Сейчас война заполыхала не на шутку. Появился новый фронт отражения идиотских приоритетов, выгодных владельцам газеты. Мало того, продолжалась война с другими вечерними газетами. Предстояла драка за оказавшиеся под угрозой вложения в техническое развитие, которое тоже предстоит отстаивать.
Жена уже заждалась. Надо ехать домой.
Шюман тяжело вздохнул.
Ничего, ей будет лучше, если он вернется домой после сражения, а не до него, с нерастраченной злостью.
Поэтому он без колебаний снял трубку зазвонившего телефона, хотя, по идее, должен был уже ехать домой.
— Я снова влипла.
Звонила Бенгтзон, эта ходячая катастрофа.
Шюман рухнул в кресло и положил ноги на стол.

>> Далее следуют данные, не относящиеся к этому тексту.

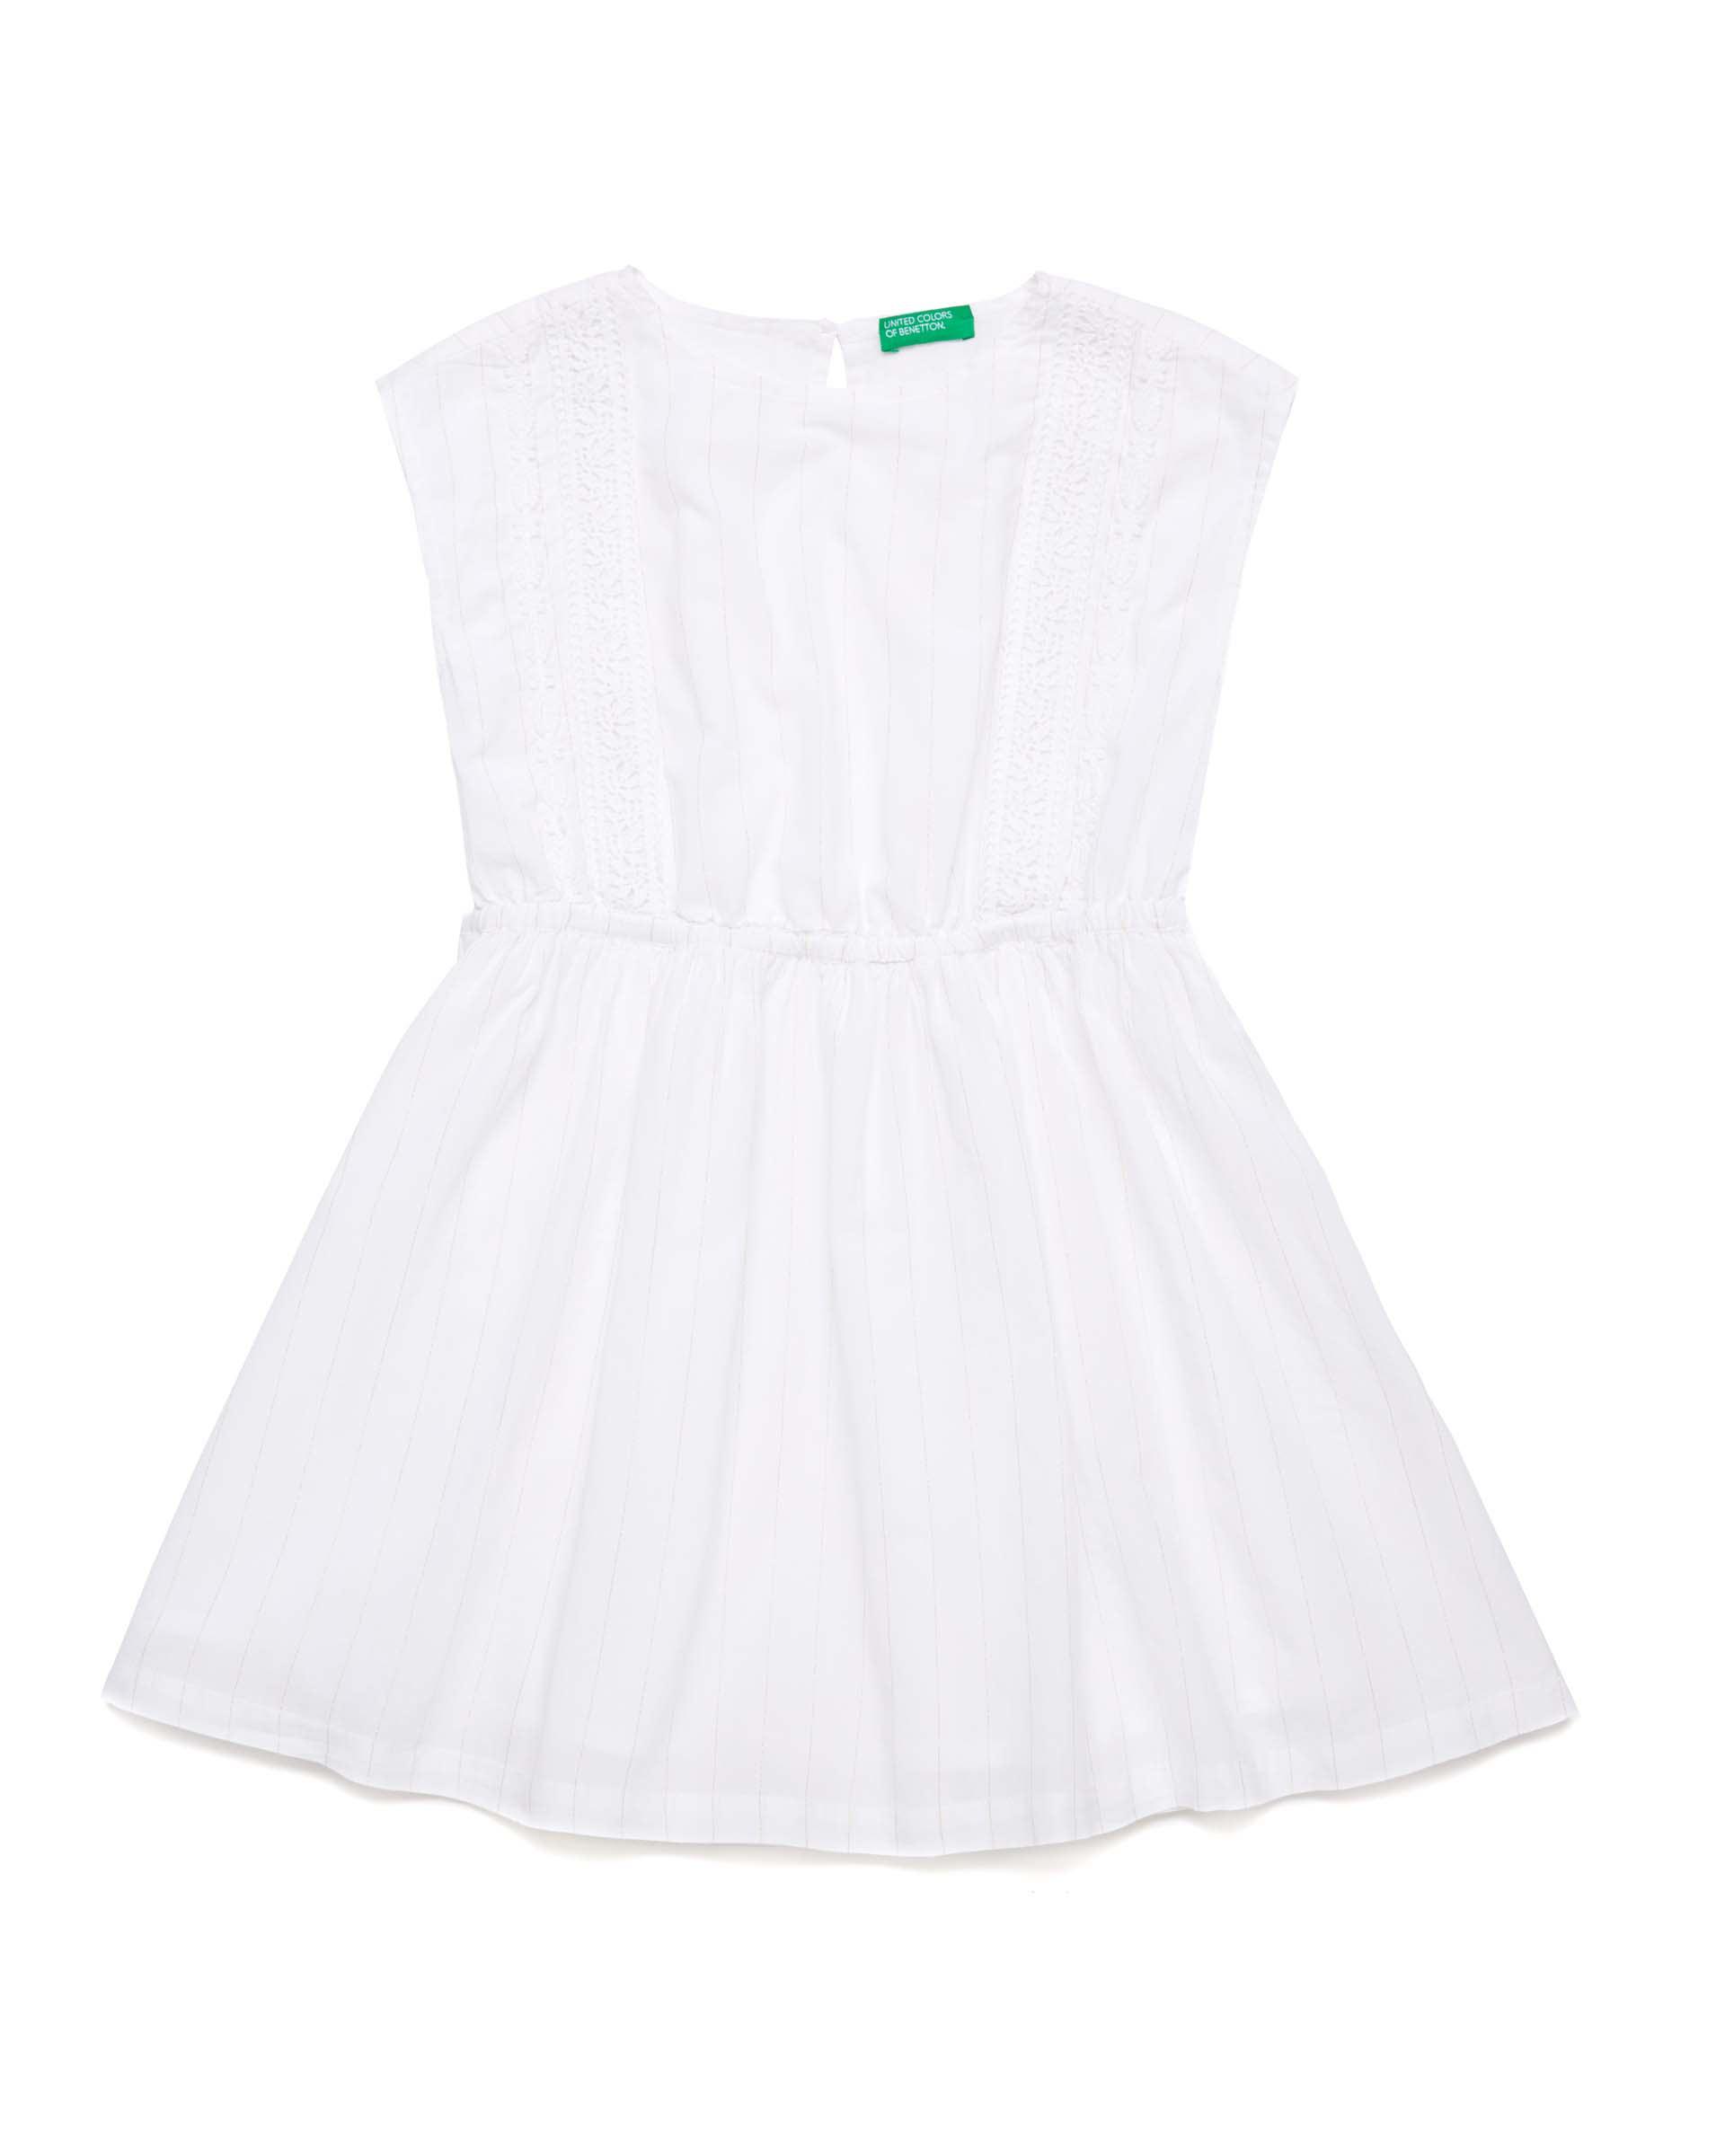 Купить 20P_4OV55VDH0_901, Платье для девочек Benetton 4OV55VDH0_901 р-р 152, United Colors of Benetton, Платья для девочек

— Знаю, — сказал он. — Я видел статью. «Кошечка». Что за прозвище? Давно ты высиживала эту историю?
— Я сейчас говорю не о Кошечке. Я только что наткнулась на труп, но на этот раз я не собираюсь молчать.
Шюман несколько раз прищурился, глядя на потолочный светильник.
— Что? — спросил он.
— Я нашла труп профессора, которого допрашивали в связи со смертью Эрнста Эрикссона, — торопливо проговорила Анника.
— Труп кого? — тупо спросил Шюман.
— Еще одного профессора Каролинского института. Я его нашла. Он был прибит гвоздями к стене собственной бани огромными гвоздями — один торчал из глаза, другой из горла.
Шюман смотрел на светильник до тех пор, пока не пришлось закрыть глаза. Блики света продолжали плясать в мозгу.
— Прибит гвоздями?..
— Сначала его задушили, а потом прибили к стене гвоздями. Над трупом Эрикссона тоже надругались.
Кажется, она заведена до опасного предела.
— Я не могу писать об этом сама, — сказала она. — Ну, может быть, за исключением общего обзора. Кто-то другой должен описать это как новость.
— Тебе разрешено об этом говорить? Они снова предупредили о неразглашении?
— Они пытаются это сделать, но я им не позволю. Я и так слишком долго молчала. Мне надо поговорить с человеком, который понимает суть запрета на разглашение; потом тебе решать, публиковать это или нет. Берит или Патрик на месте?
— Они работают над статьей об экстрадиции из Броммы — нам надо завтра дать этот материал.
— Кто-нибудь знает, как обойти установленные правила?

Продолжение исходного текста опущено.